So Schilling waits for 57 minutes before venturing back onto a soggy mound. Suddenly, he’s a little worse for the wear, giving up two singles and a two-run homer to start off the fourth.

But he calms down. Guts it out, allowing just two hits the rest of the night as we get three back to take a two run lead.

He tips his cap. Walks into the dugout to loud cheers from the grateful crowd.

You know what happens next.

I’m sick of it. I’m sick of this unholy “uber-team,” with their corporate pinstripes and fascist moustaches, thoroughly embarrassing us in our own park.

I’m sick of abysmal relief pitching.
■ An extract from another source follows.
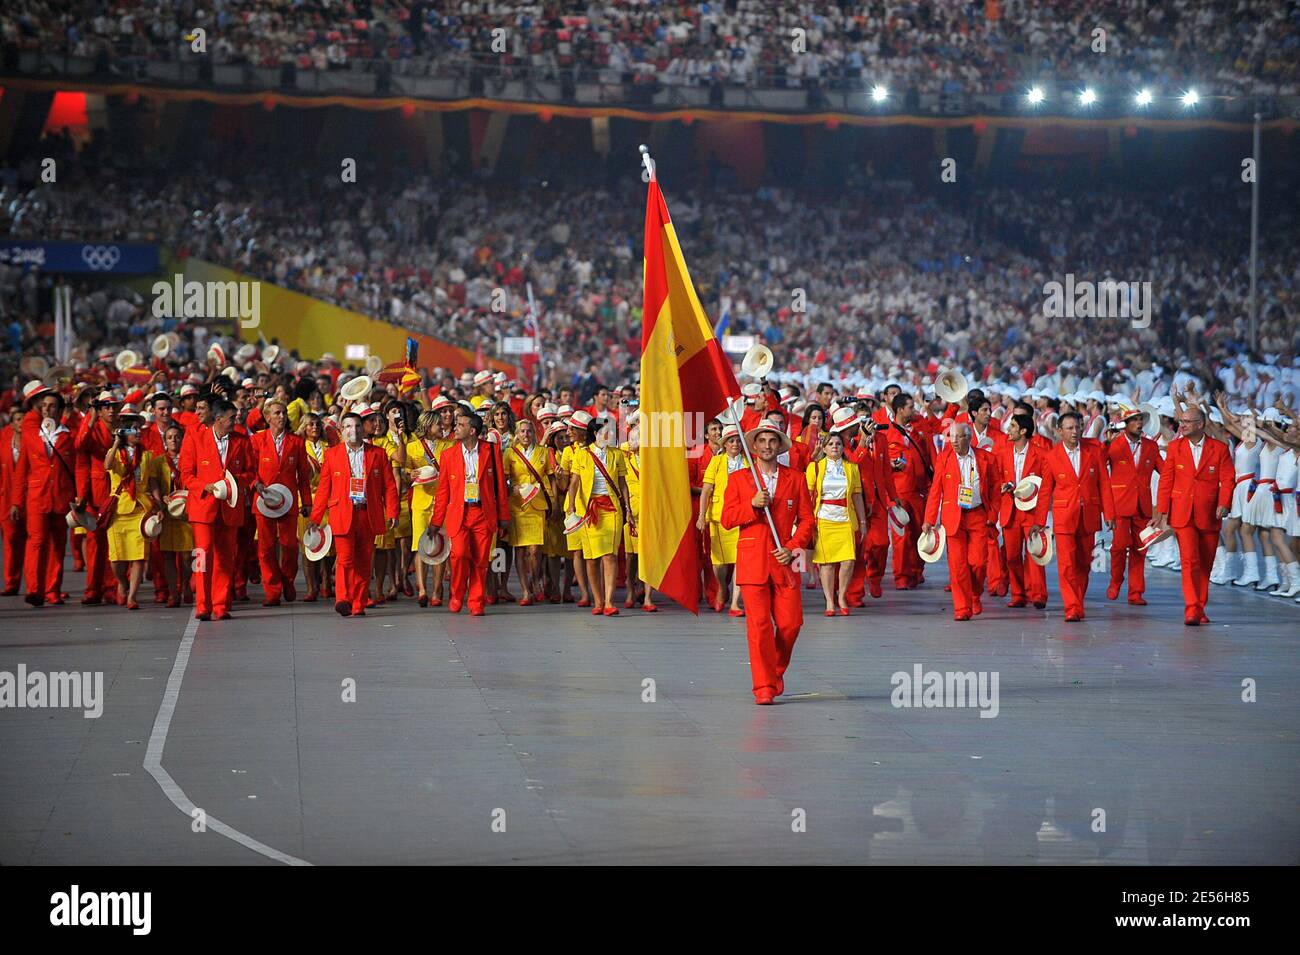 The Spanish delegation during the Opening Ceremony for the 2008 Beijing Summer Olympics at the National Stadium in Beijing, China on August 8, 2008. Photo by Jean-Michel Psaila/ABACAPRESS.COM Stock Photo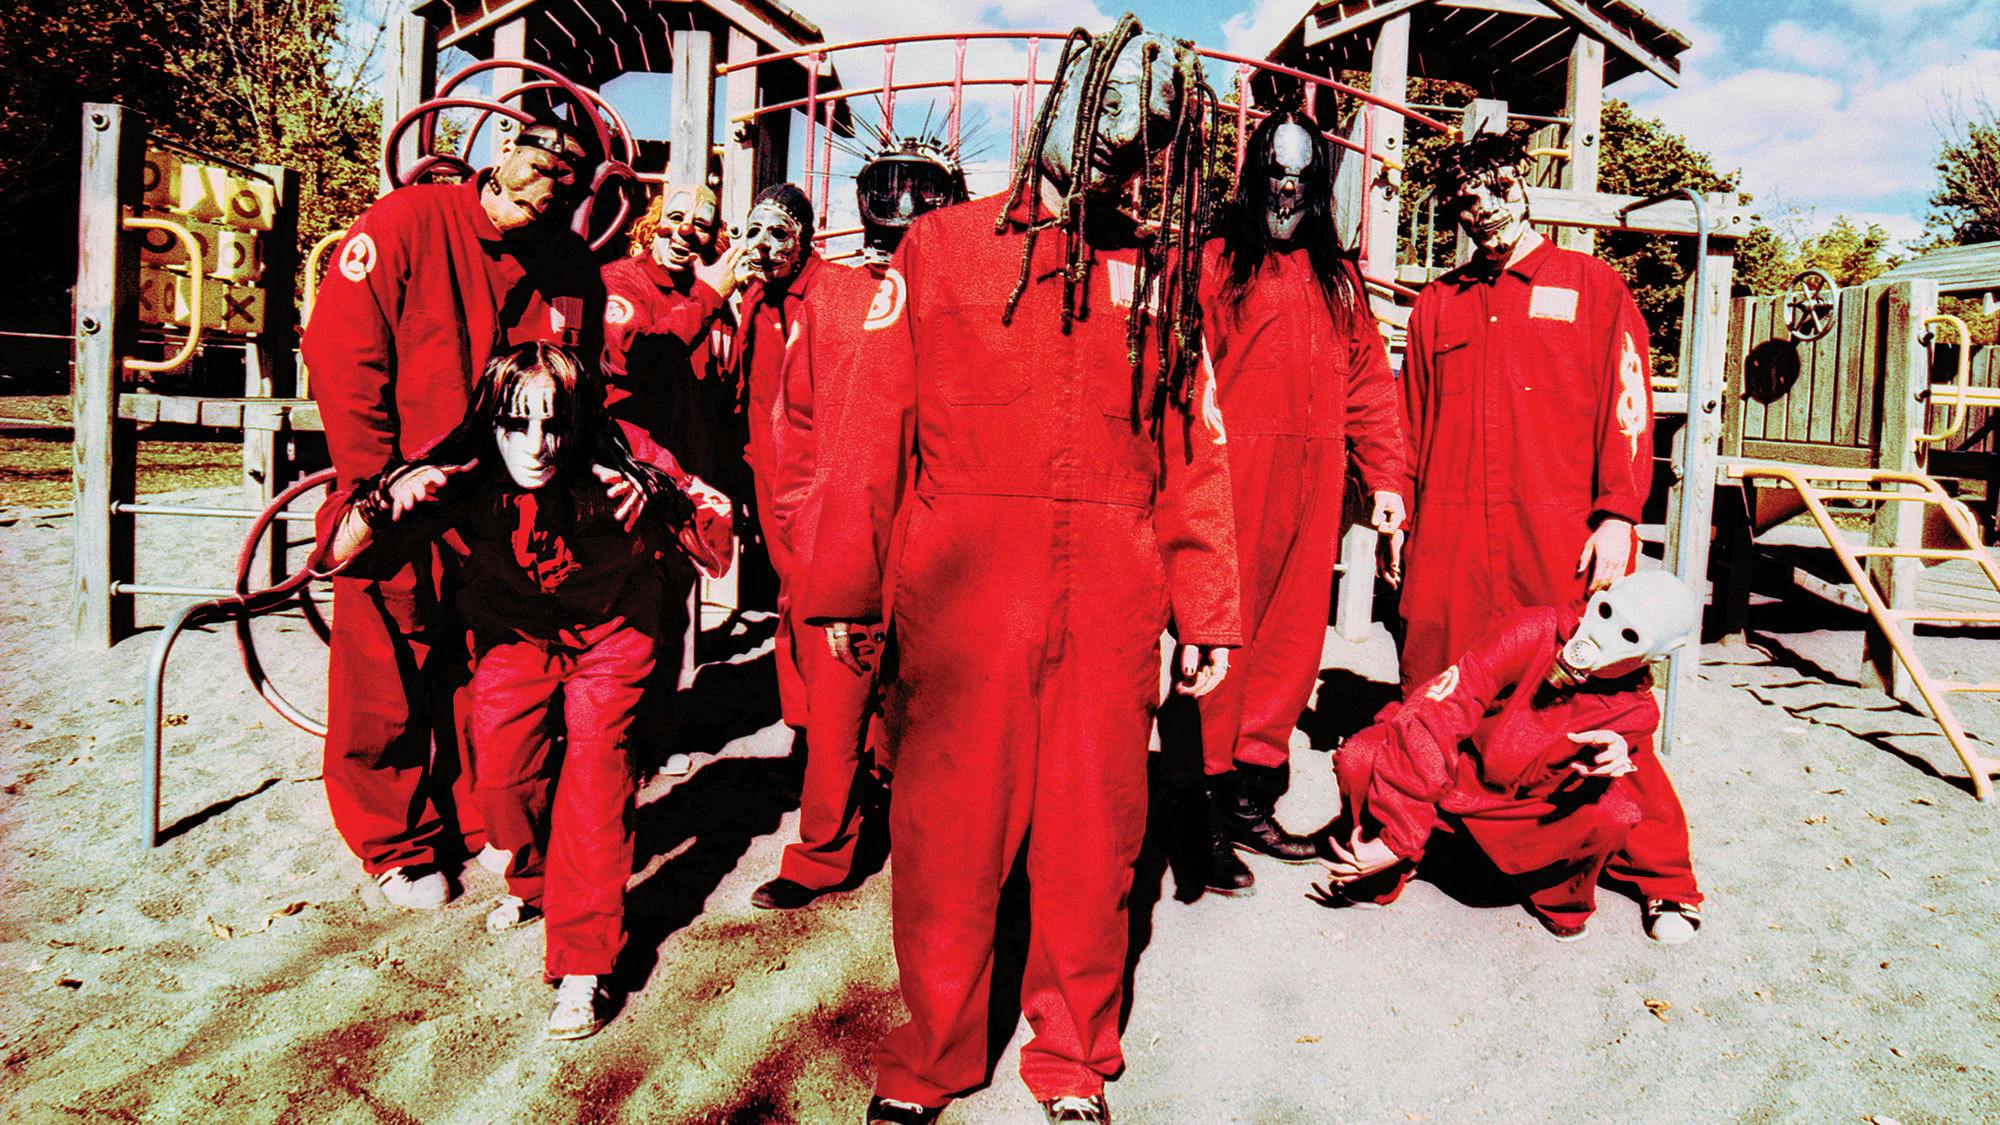 “Thoroughly unpleasant and truly unforgettable”: Our original 1999 review of Slipknot’s debut album

I’m sick of not being able to hit with runners in scoring position. I’m sick of Derek Jeter’s fisters and fist pumps, and Johnny Damon’s power stroke, and Bobby Abreu’s OBP. I'm sick of the towering arrogance. (“This ballclub just won't be denied," says Ol’ Joe.)

I’m sick of heightened blood pressure and sinking depression.

I'm sick of losing.

But, hey, don’t blame the Manager of the Year. Sure, it would have been better if Papelbon had started two innings clean last night, and if Youk had swung away, and if Kapler had been playing just a little more shallow.

But by and large, our present predicament is not Terry Francona’s fault. What does he have to work with?

(At least Hansen’s just been sent down to the PawSox before he can get any more shell-shocked, thus possibly harming the "long-term plan.")

Should we blame anyone? Or everyone? We’ve seen the enemy, and it is us. Unlike ’03 and ’04, this team -- at this point in time, at least -- is just manifestly inferior to the Yankees. Very. And there’s not a whole lot we can do about it now except, like, play better.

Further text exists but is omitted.